— Task description —
Without any of the pictures, set down the data below exactly.

— Given information —
※

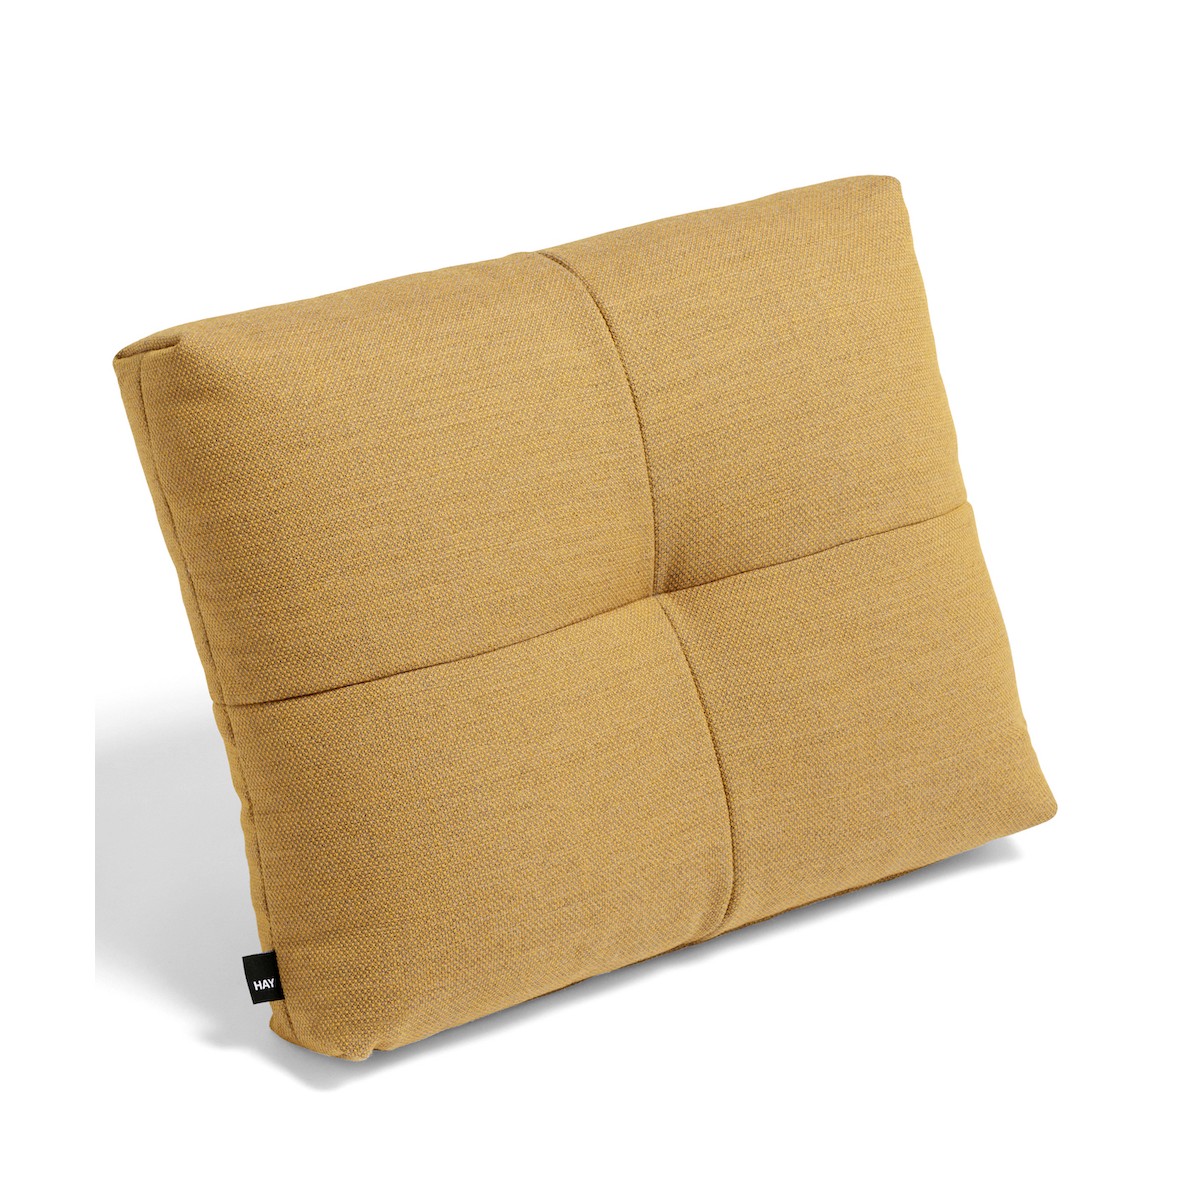 Fiord 442 - Quilton cushion - HAY modular sofa
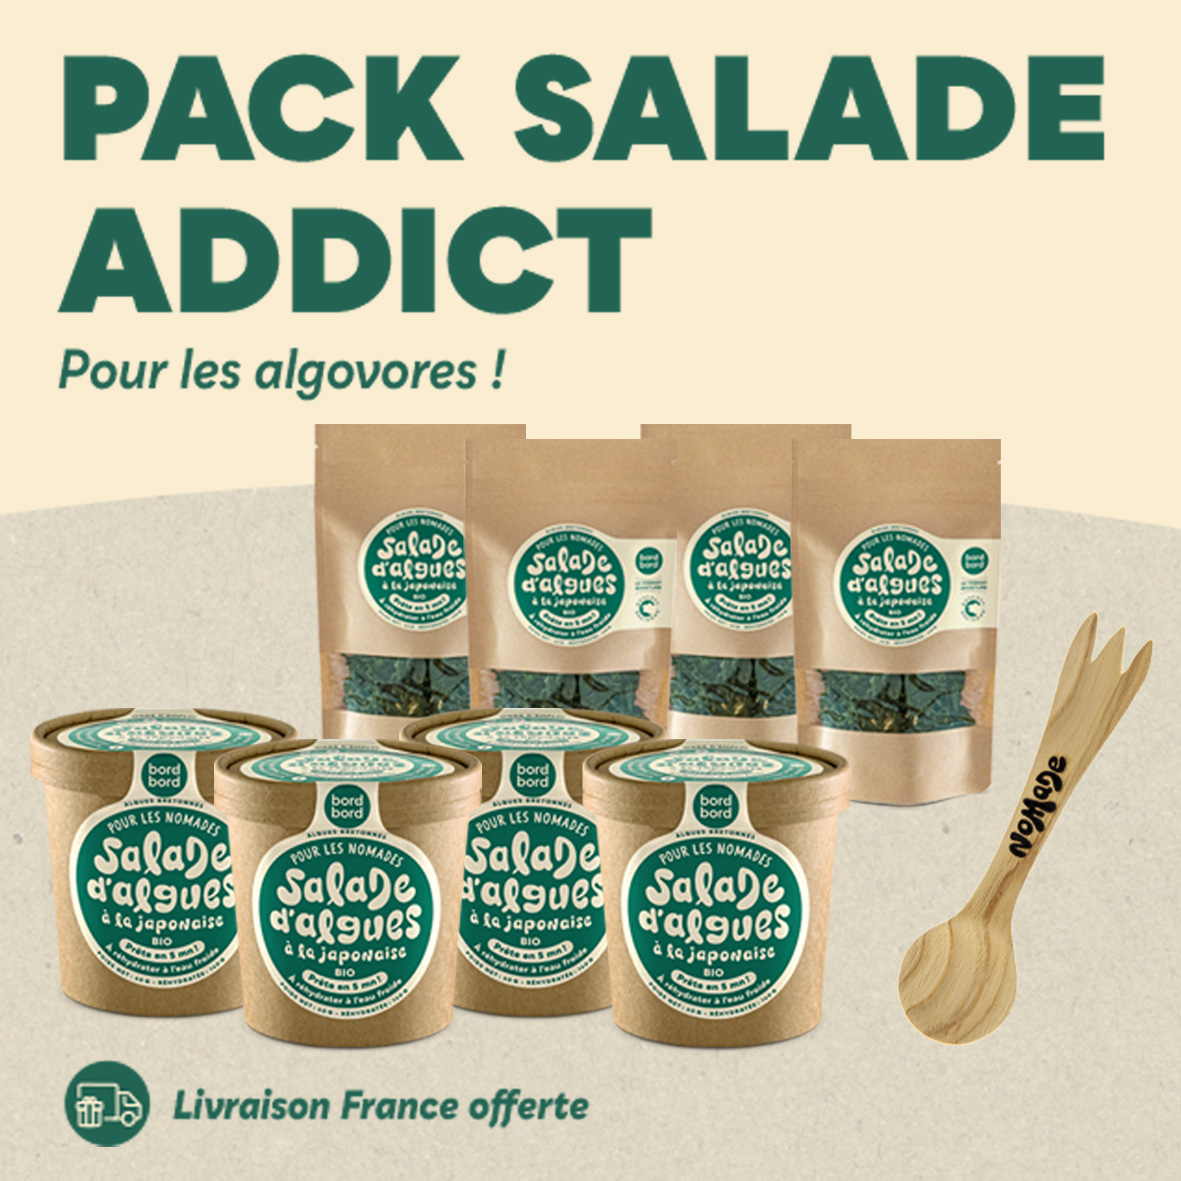 Pack “SALADE ADDICT“
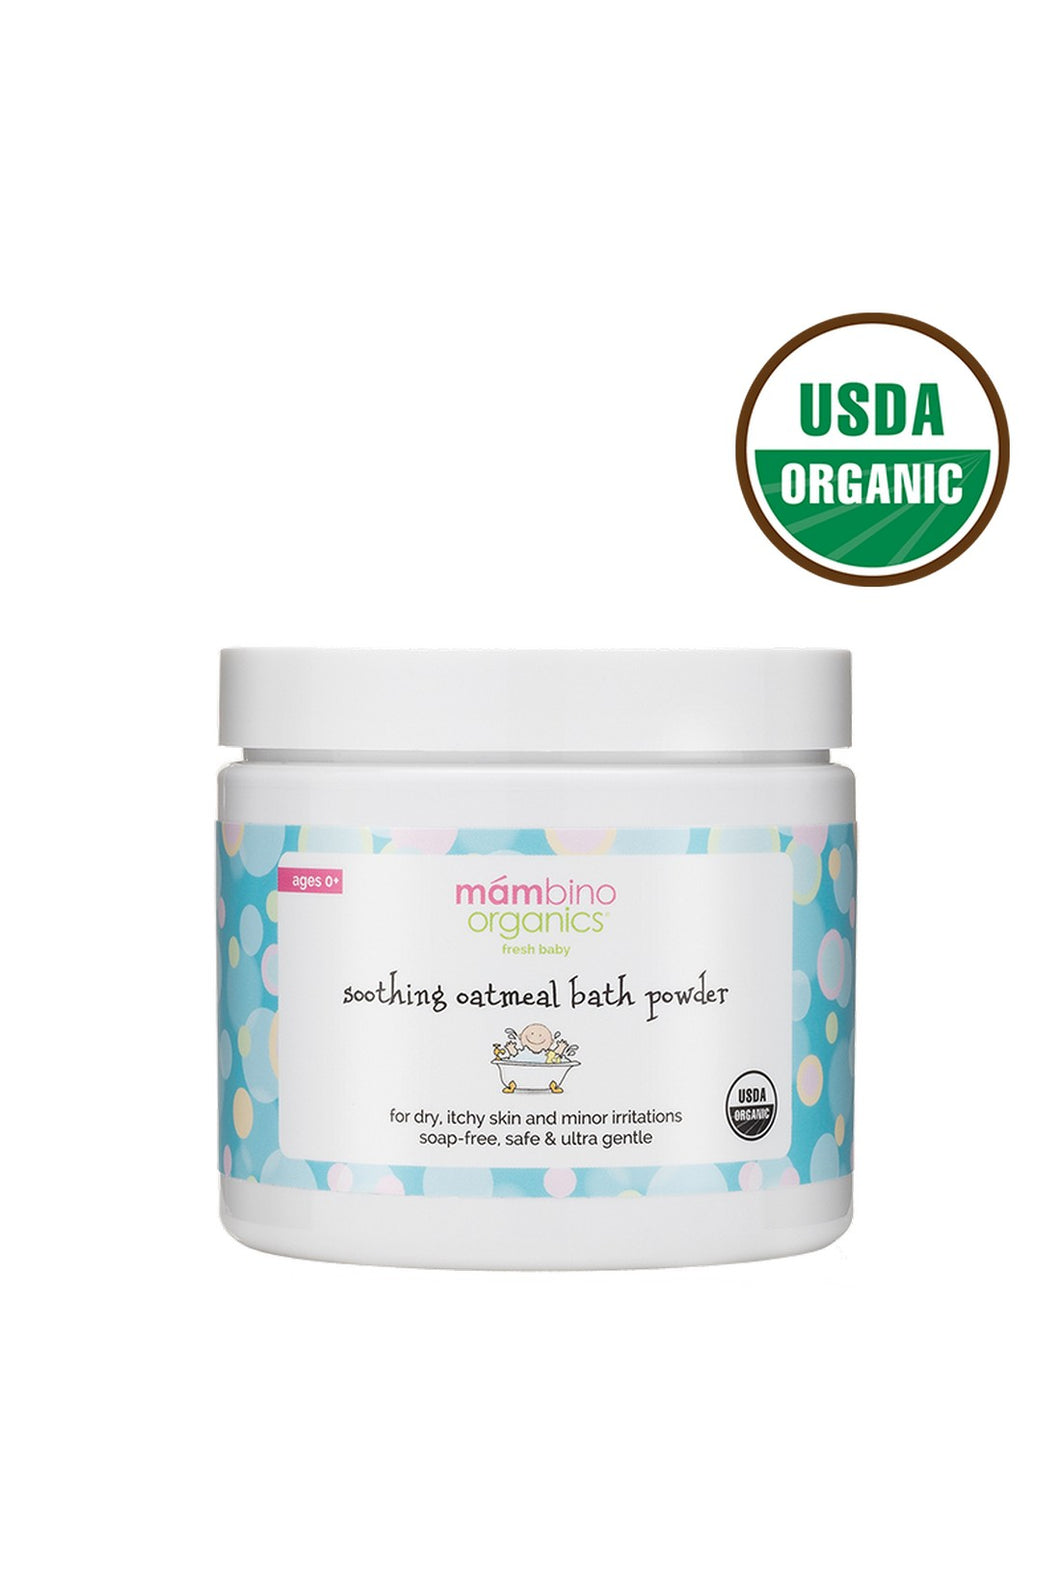 Mambino Organics Soothing Oatmeal Bath Powder 1

※

— Result below —
 Fiord 442 - Quilton cushion - HAY modular sofa
 Pack “SALADE ADDICT“
 Mambino Organics Soothing Oatmeal Bath Powder 1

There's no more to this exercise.